Павел опустил голову, затем сгреб старика в охапку, крепко прижал к себе, мягко отпустил, подхватил дорожную сумку и, не оглядываясь, зашагал к стоявшей неподалеку машине. Следом заторопились женщины.
Старик проводил их взглядом до угла, поднял голову. Не обнаружив закрывавших небо ветвей, с грустью посмотрел на свежие спилы деревьев, что росли вместе с его детьми, которые после смерти жены и хитрых разменов оставили его без квартиры. Вздохнув, вытянул из кармана яркий листок, смял его в руке, перевел взгляд туда, откуда слышался шум работавших машин, и разжал пальцы.
– Пора переселяться… – пробормотал он…
Высадив Полевых у подъезда, Катя развернулась, выбралась из лабиринта дворов на проспект и помчалась в сторону редакции. Часы на приборной доске показывали ровно двенадцать.
– Странно… Не отвечает, – озадаченно посмотрела на мобильник Колесникова. – И в приемной занято, – пожаловалась она подруге. – Придется звонить водителю… Андрей?… Игорь Николаевич далеко? Мне нужна машина… То есть как «еще не выходил»?… Хорошо… Где я буду? Какой адрес редакции? – перевела она взгляд на подругу. – Ладно, буду там ждать.
– Ну что? – не вытерпела Катя.
– Оказывается, он с девяти утра на Революционной. Мне ничего не сказал.
– А что там? – машинально спросила она и тут же прикусила язык.
Что за структура находится на этой улице, Проскурина хорошо знала. Когда-то и ее туда вызывали, интересовались, как платили за статьи в некой негосударственной газете, где одно время она числилась нештатным корреспондентом.
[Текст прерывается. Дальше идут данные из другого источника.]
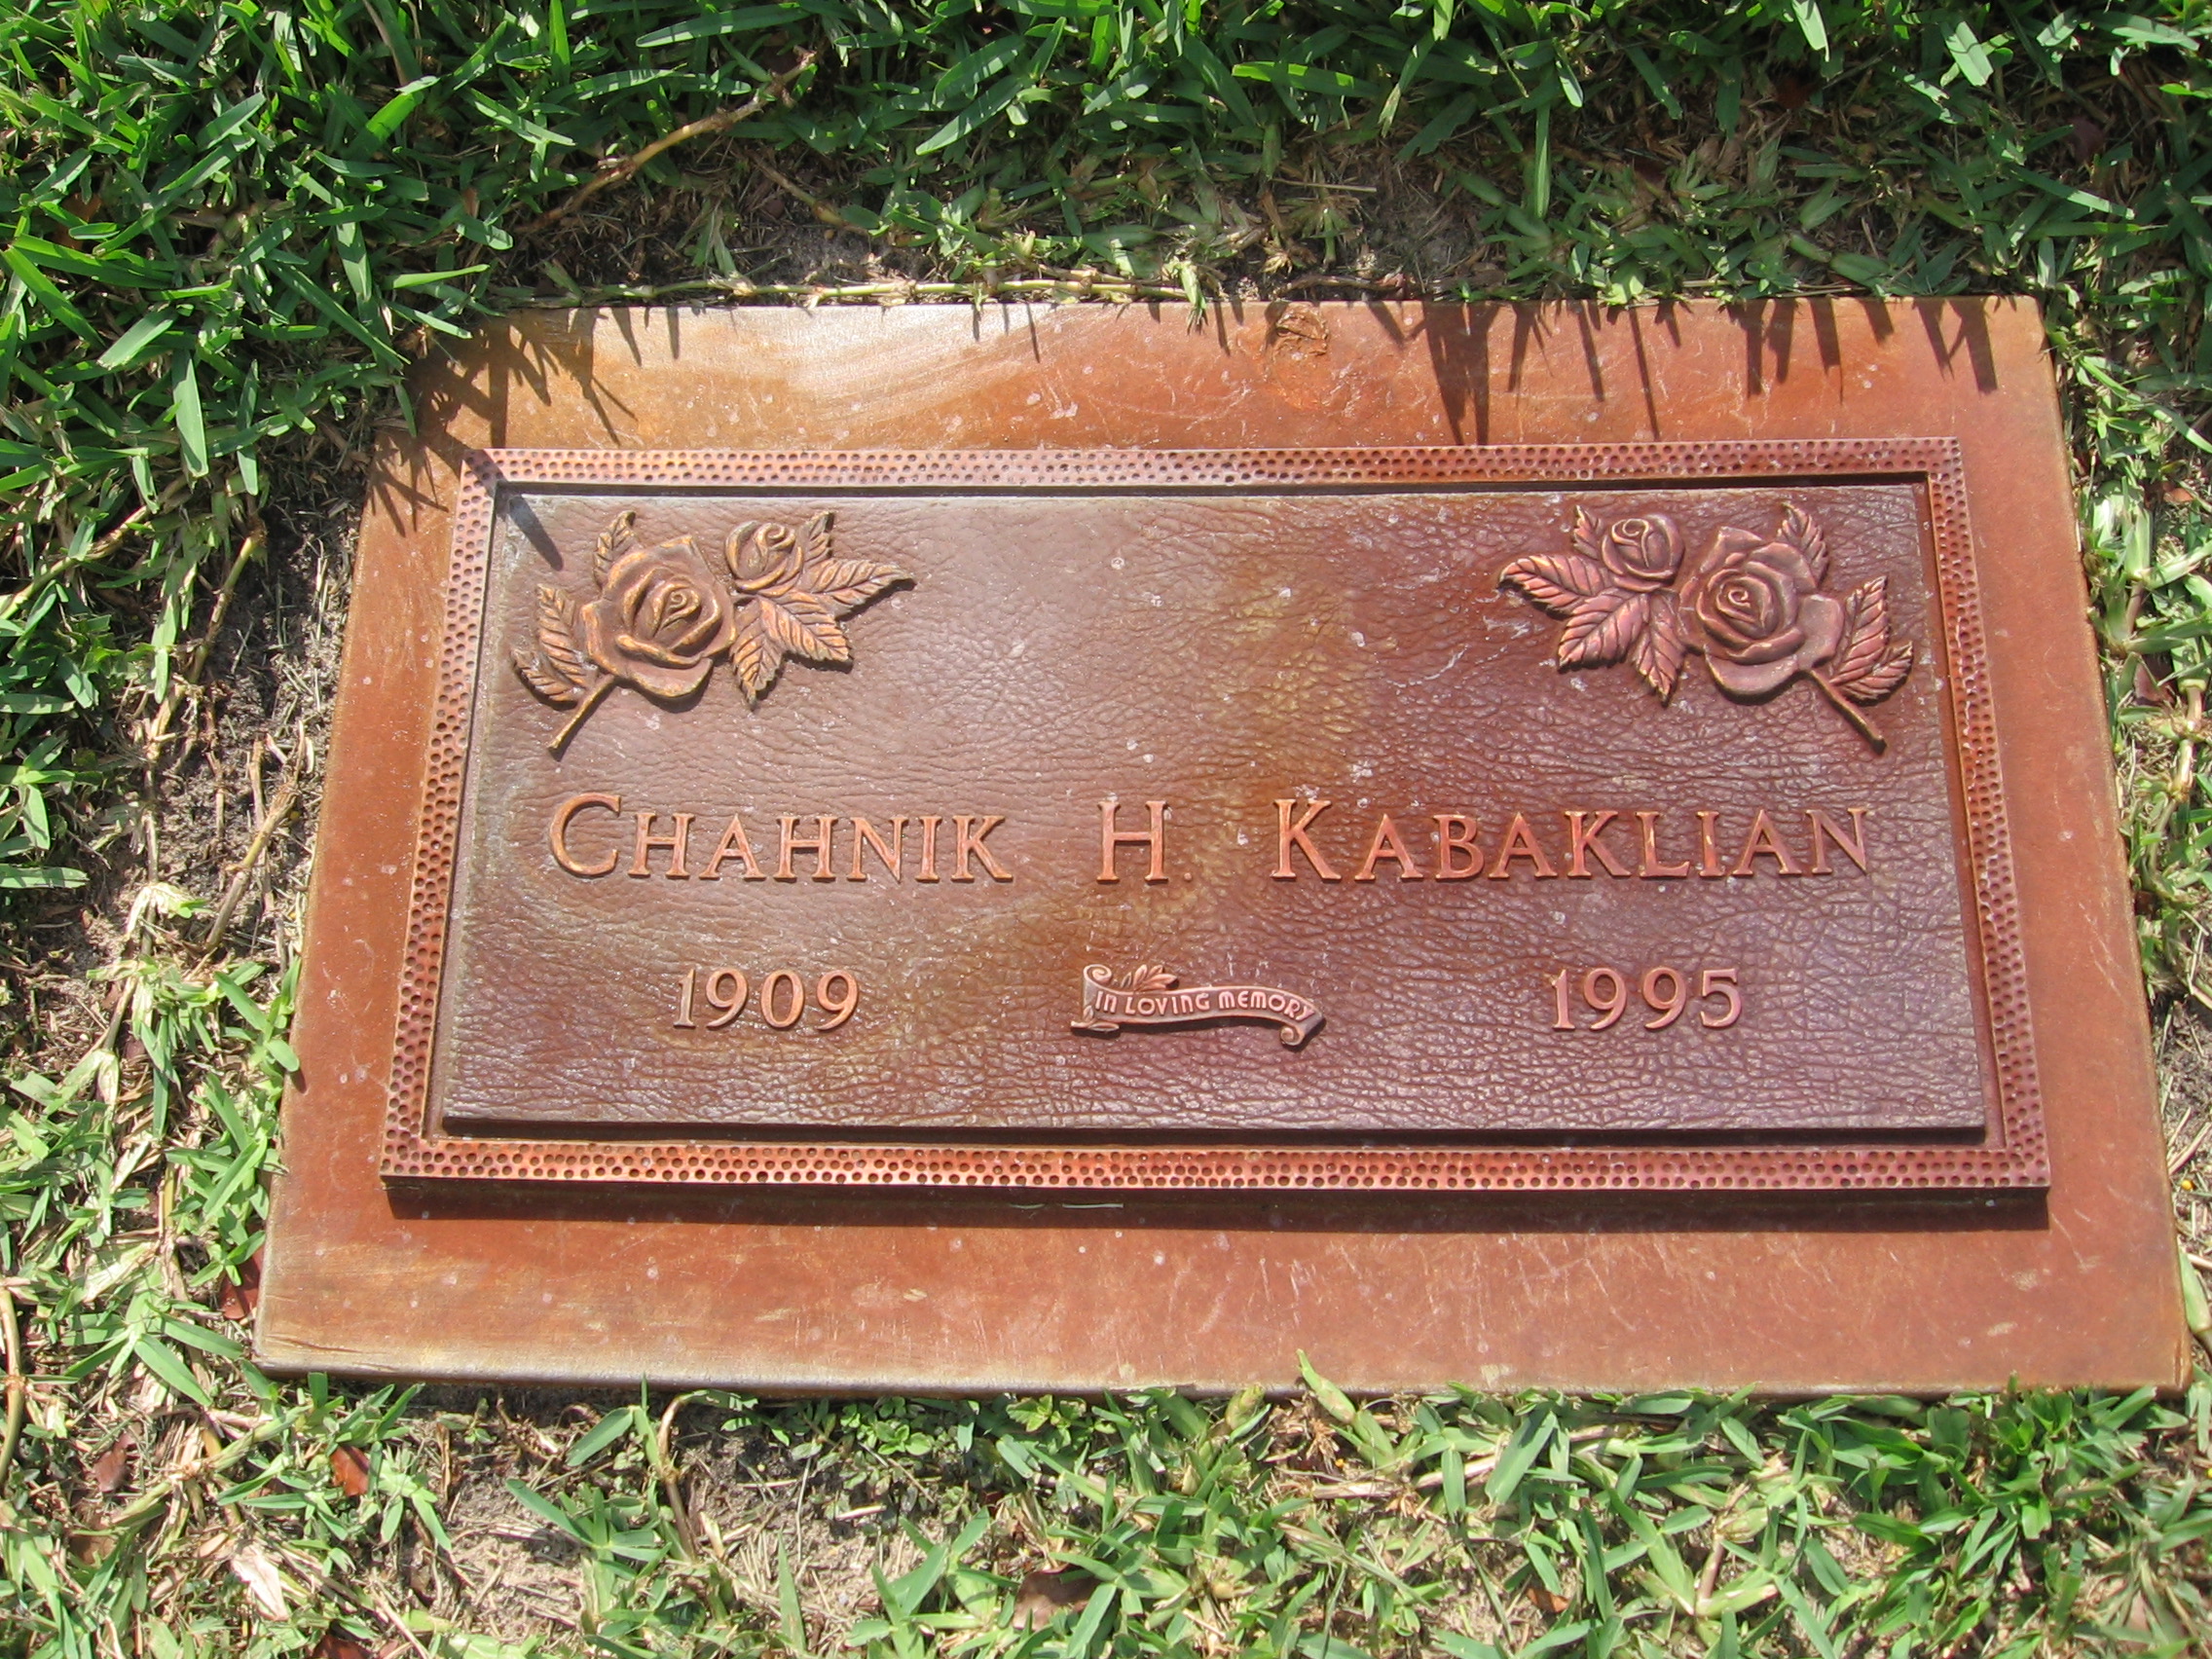 Chahnik H Kabaklian

– Наказание, что ли, какое сверху? – чертыхнулась она, проехав мимо Восточного вокзала: впереди, перед перекрестком с Партизанским, виднелся длинный хвост машин. – Проспект перекрыли! Как по заказу!
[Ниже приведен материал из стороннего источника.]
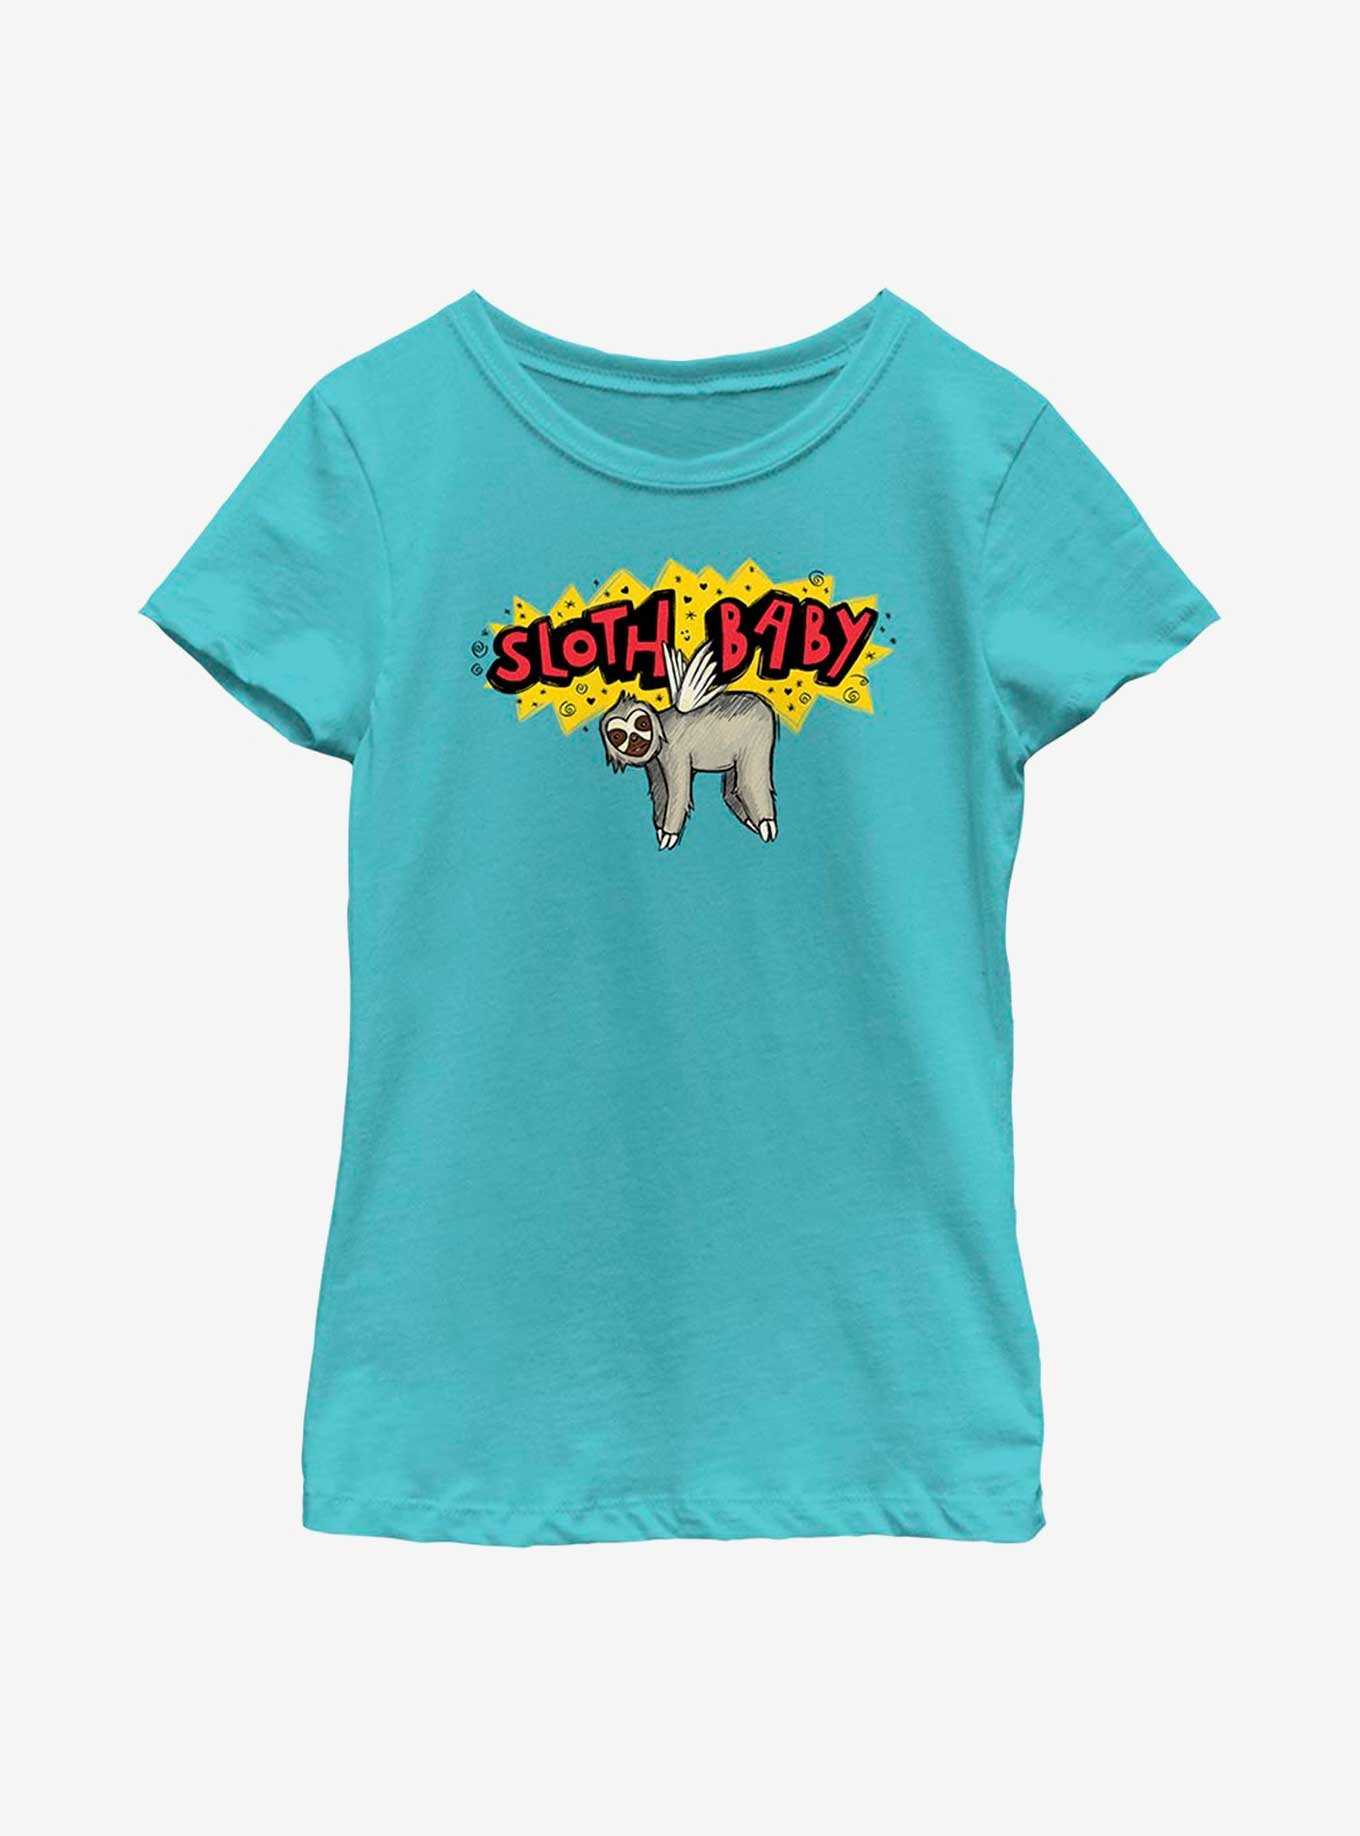 Marvel Ms. Marvel Sloth Baby Youth Girls T-Shirt, , hi-res

Нарушая все правила движения, она включила левый поворот, пересекла две сплошные, вернулась на круг и свернула на Тростенецкую.
– Так даже удобнее, – сделала она вывод, хотя на обычно полупустой в это время улице было немало машин. – А ты не заметила странной связи: у всех после той охоты в Островце возникли проблемы! Кого ни возьми! Тебя, меня, Людку, твоего Игоря… Ладно, не горюй. В первый раз, что ли? Разберутся и отпустят.
– Три года назад после подобного «разберутся и отпустят» у Игоря случился первый микроинфаркт.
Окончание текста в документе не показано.